■ Data:
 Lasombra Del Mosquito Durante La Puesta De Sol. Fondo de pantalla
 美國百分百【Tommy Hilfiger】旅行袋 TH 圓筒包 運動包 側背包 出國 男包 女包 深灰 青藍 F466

...

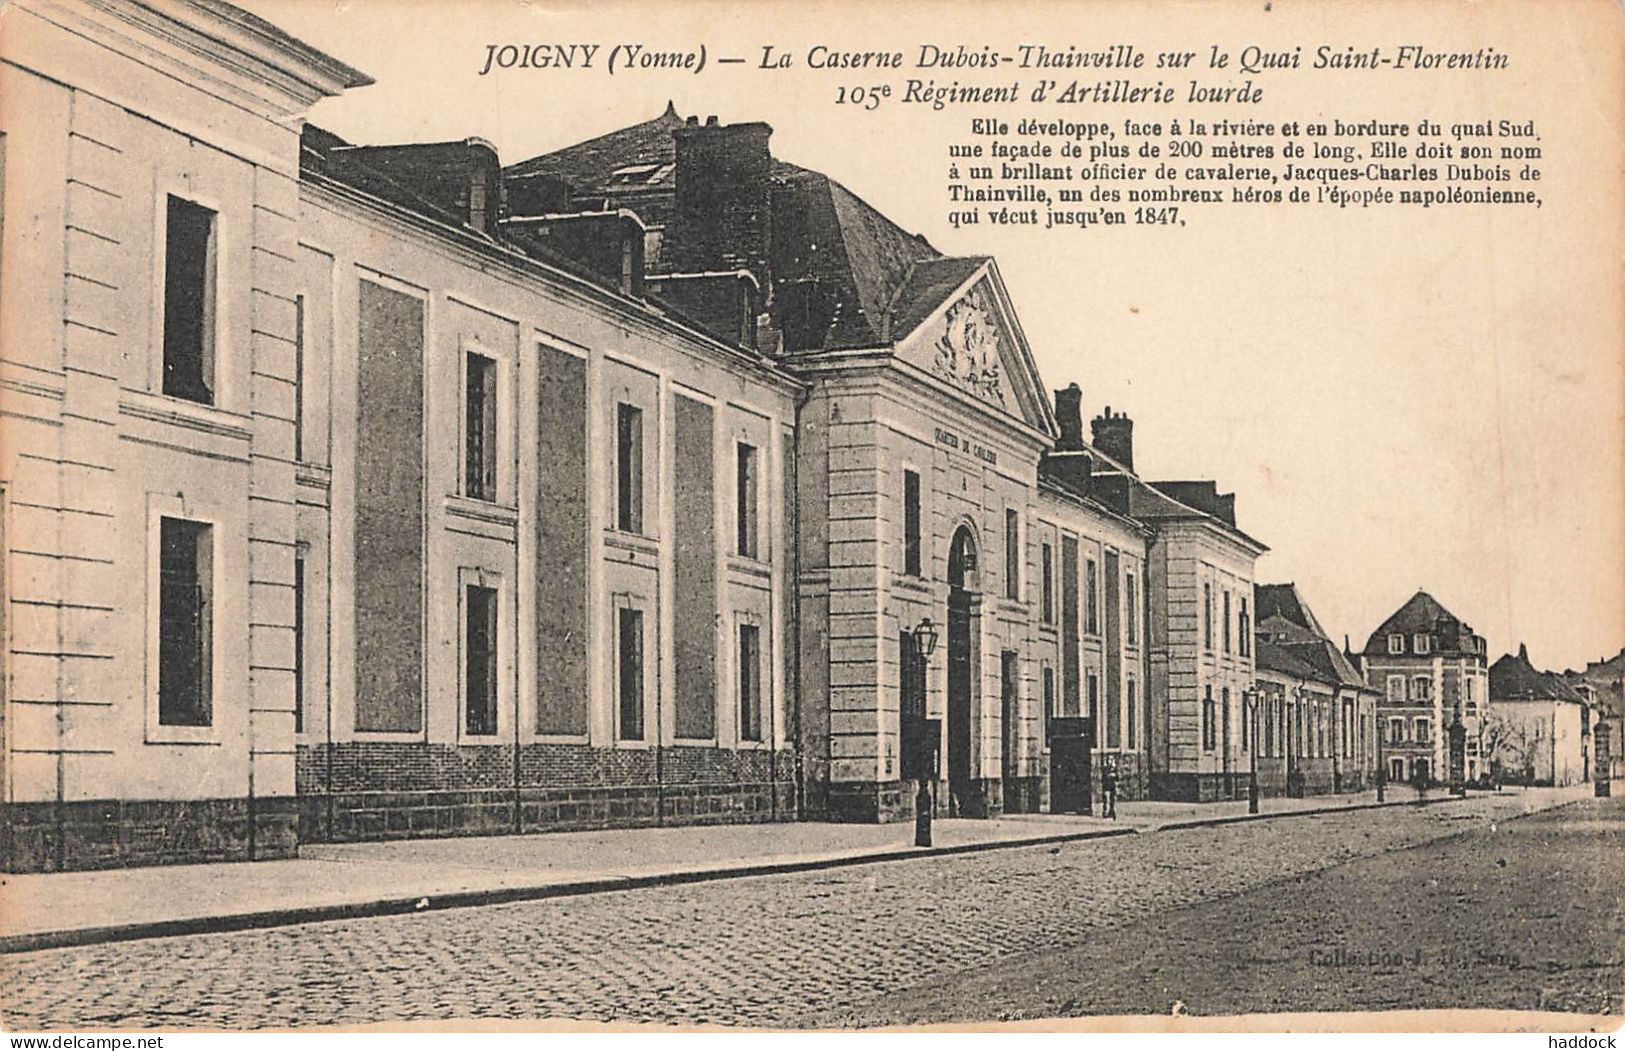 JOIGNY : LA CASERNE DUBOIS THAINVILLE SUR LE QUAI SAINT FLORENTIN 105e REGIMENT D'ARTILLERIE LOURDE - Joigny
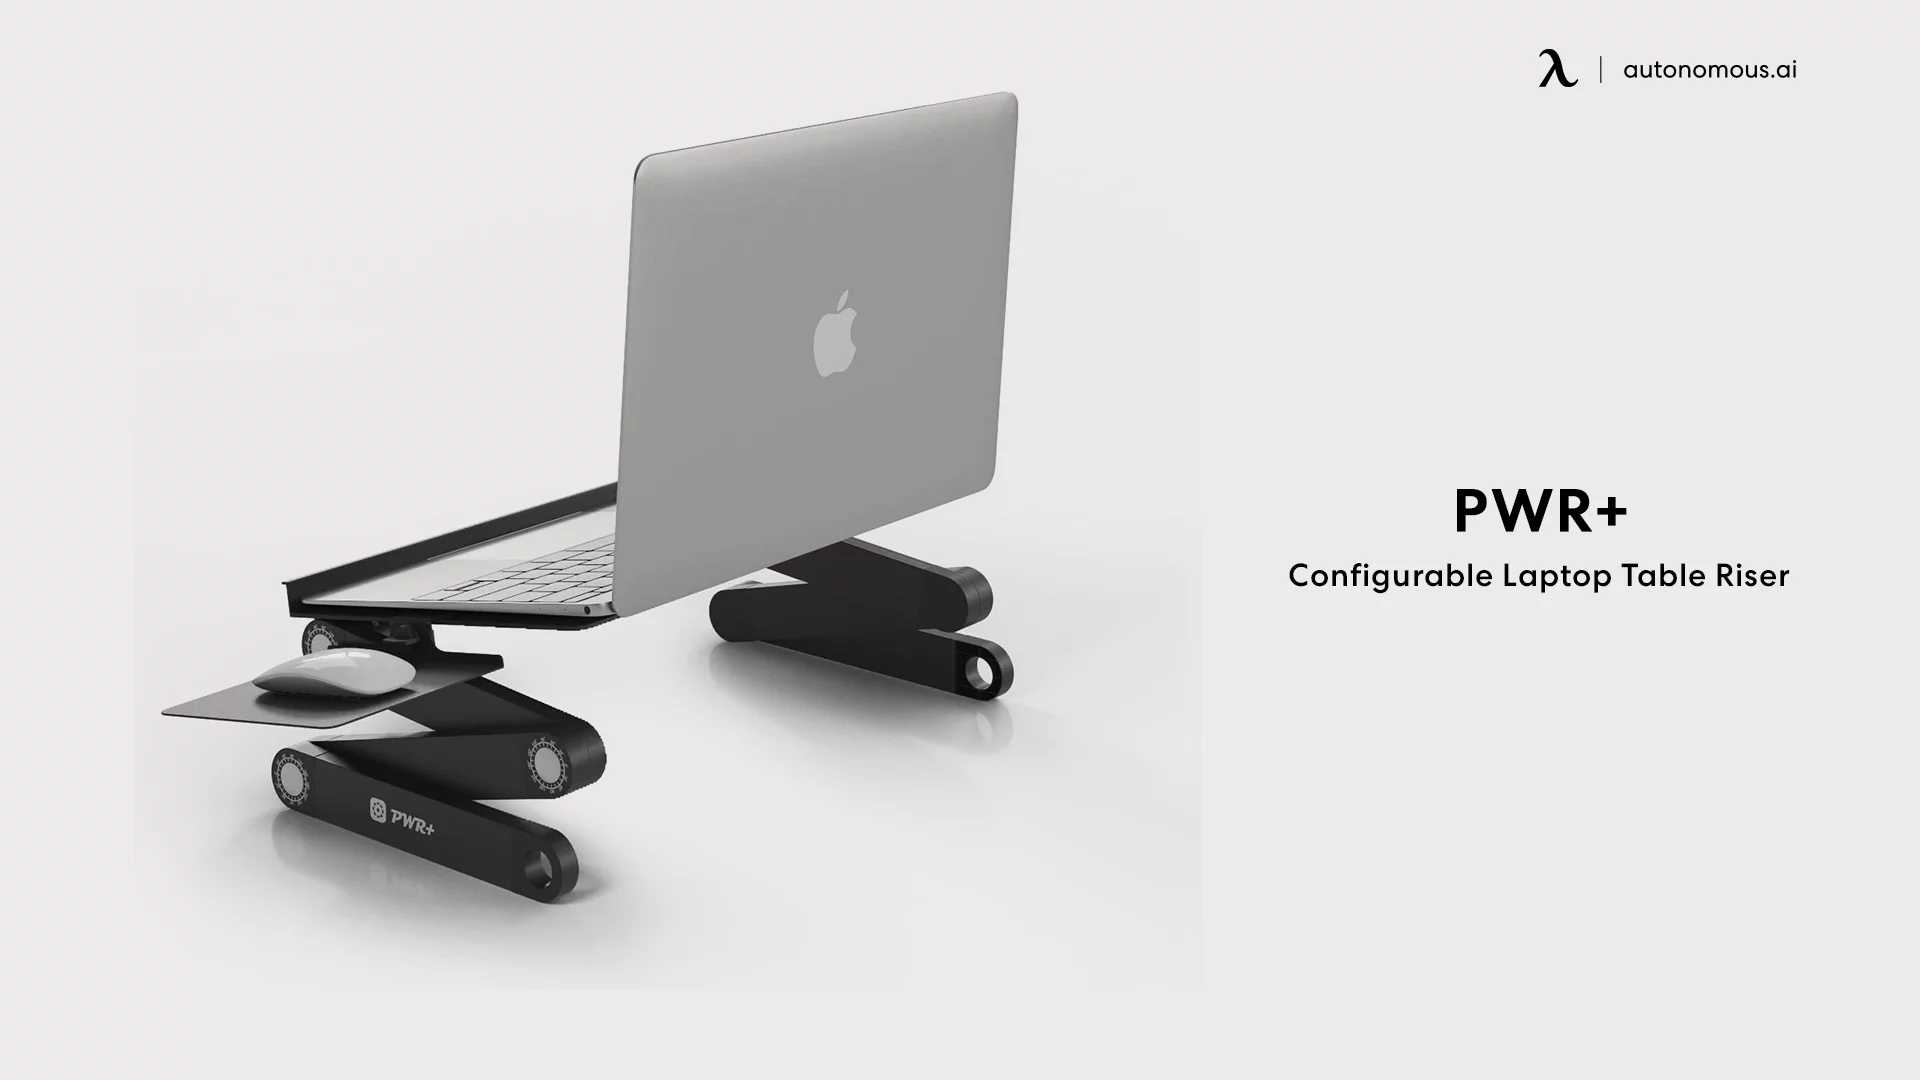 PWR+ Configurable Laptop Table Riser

...

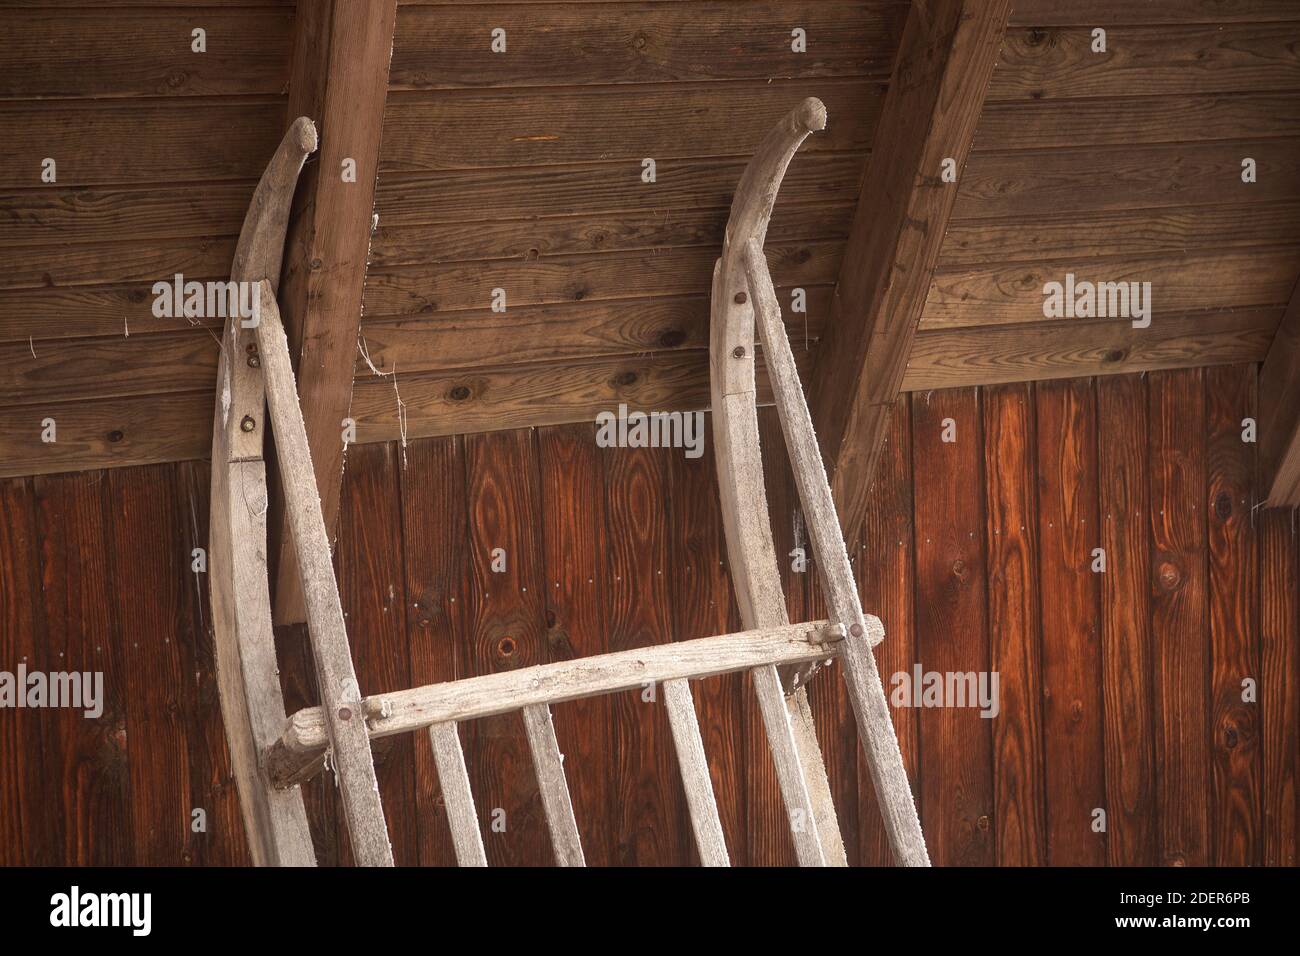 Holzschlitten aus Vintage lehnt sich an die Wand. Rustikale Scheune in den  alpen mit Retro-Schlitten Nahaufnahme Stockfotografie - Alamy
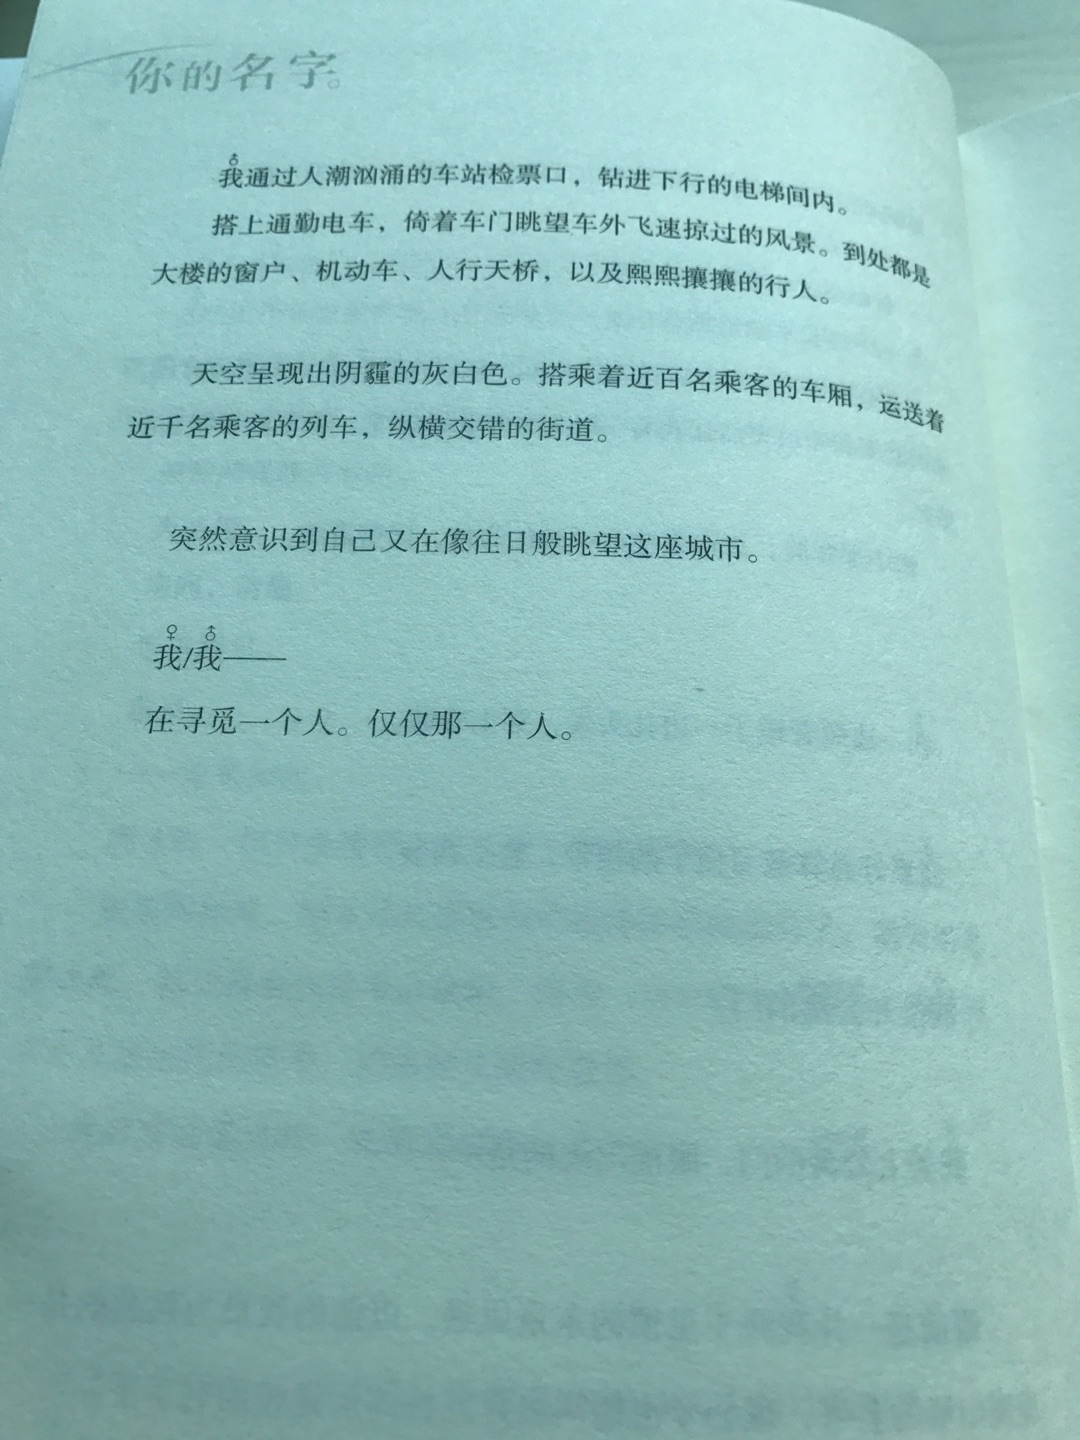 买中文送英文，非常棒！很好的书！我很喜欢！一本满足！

■ Exercise brief: In the data above, find the line with "JOIGNY : LA" and the line with "PWR+ Configurable Laptop Table Riser". Please copy exactly those two lines and every line between them, but not the pictures.

■ Exercise answer:
 JOIGNY : LA CASERNE DUBOIS THAINVILLE SUR LE QUAI SAINT FLORENTIN 105e REGIMENT D'ARTILLERIE LOURDE - Joigny
 PWR+ Configurable Laptop Table Riser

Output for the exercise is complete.